Despite the shortcomings of the original research that promoted NPS, we’ve found that both the NPS and System Usability Scale are leading indicators of revenue growth in the software industry. A reasonably minded person should ask: If the NPS is bad, what’s a better alternative and why?
Is there a better alternative to the NPS? One vocal critic argues a questionnaire called the CE11 is better because it’s predictive and diagnostic. What is the CE11?
You might not be familiar with this measure as it wasn’t developed to assess interactions with websites or software. It wasn’t something we were familiar with either.

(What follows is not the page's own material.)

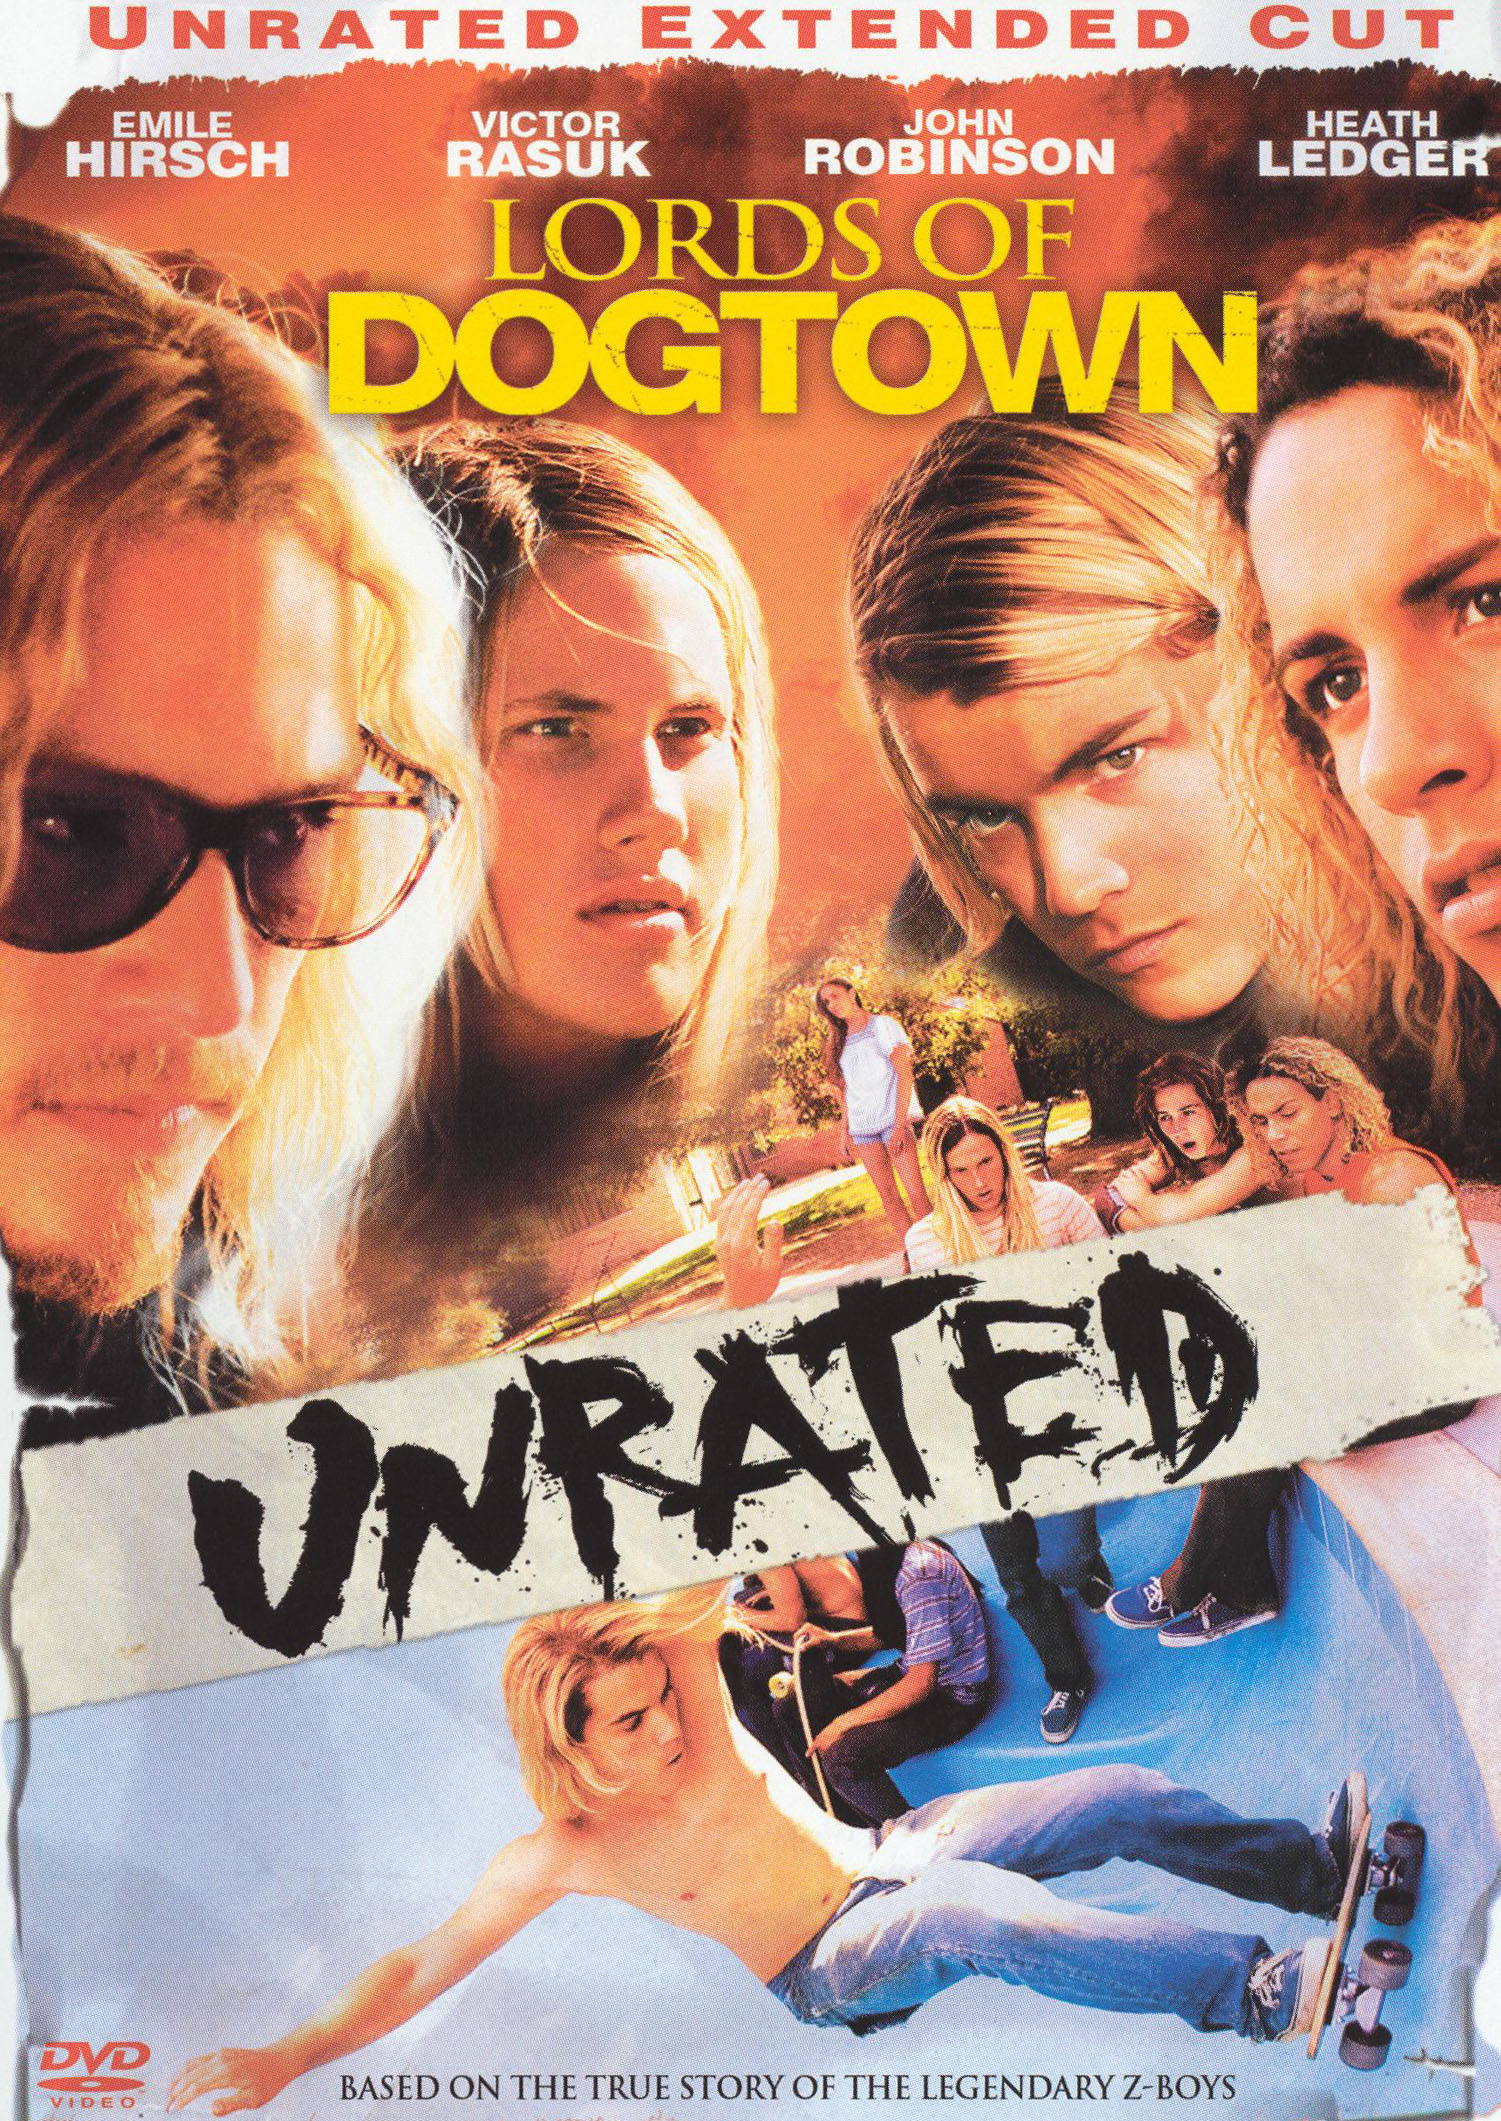 Dogtown Lords Of Dogtown DVD in stock at SPoT Skate Shop

But applying measures to new domains can yield fruitful results so we were intrigued to understand its psychometric properties and potential as a UX metric.
In our 2nd Edition of Quantifying the User Experience, Jim Lewis and I provide details on 21 questionnaires used in UX research, including the SUS, SUMI, WAMMI, SUPR-Q, PSSUQ, UME, USE, EMO, ACSI, and CxPI), but not the CE11 (Customer Engagement 11).
In an earlier article, I described multiple approaches to assess whether a questionnaire (or measure) is adequate or even superior to existing ones. We’ll go through many of those steps here to objectively assess the claim with data instead of diatribes so you can decide whether it’s a measure to use for your UX research.
The CE11 is a proprietary measure developed by Gallup; some limited psychometric information is available in an article called The Constant Customer as well as one other study [pdf] I found with some international benchmark data. There’s no information on its predictive abilities such as correlations with business outcomes however.
It was developed around the same time as the NPS but never really caught on, possibly because of its length and proprietary nature—and it was also dwarfed by the marketing efforts of Bain and Satmetrix. The CE11 consists of the following 11 items and is scored on a five-point Likert scale.
- Overall, how satisfied are you with [brand]?
- How likely are you to continue to choose/repurchase [brand]?
- How likely are you to recommend [brand] to a friend/associate?
- [Brand] is a name I can always trust.
- [Brand] always delivers on what they promise.
- [Brand] always treats me fairly.
- If a problem arises, I can always count on [brand] to reach a fair and satisfactory resolution.
- I feel proud to be a [brand] customer.
- [Brand] always treats me with respect.
- [Brand] is the perfect company for people like me.
- I can’t imagine a world without [brand].
In addition to a total score, it has two factors: rational loyalty (the first three items) and emotional attachment (the latter eight items) addressing what are called “facets” of confidence (items 4 and 5), integrity (items 6 and 7), pride (items 8 and 9), and passion (items 10 and 11).
You may also recognize item 3 in the CE11 as the same question used in the much-maligned Net Promoter Score! In other words, the vocal critic of NPS seems to be advocating for using more items in addition to the NPS and a different response scale. Let’s see what the CE11 provides then.
In at least two talks (Is Design Metrically Opposed? and Journey to the Center of Design) given dozens of times to probably thousands of UX designers over the last decade, Jared Spool describes a study in which the CE11 is used to assess interactions on ecommerce websites.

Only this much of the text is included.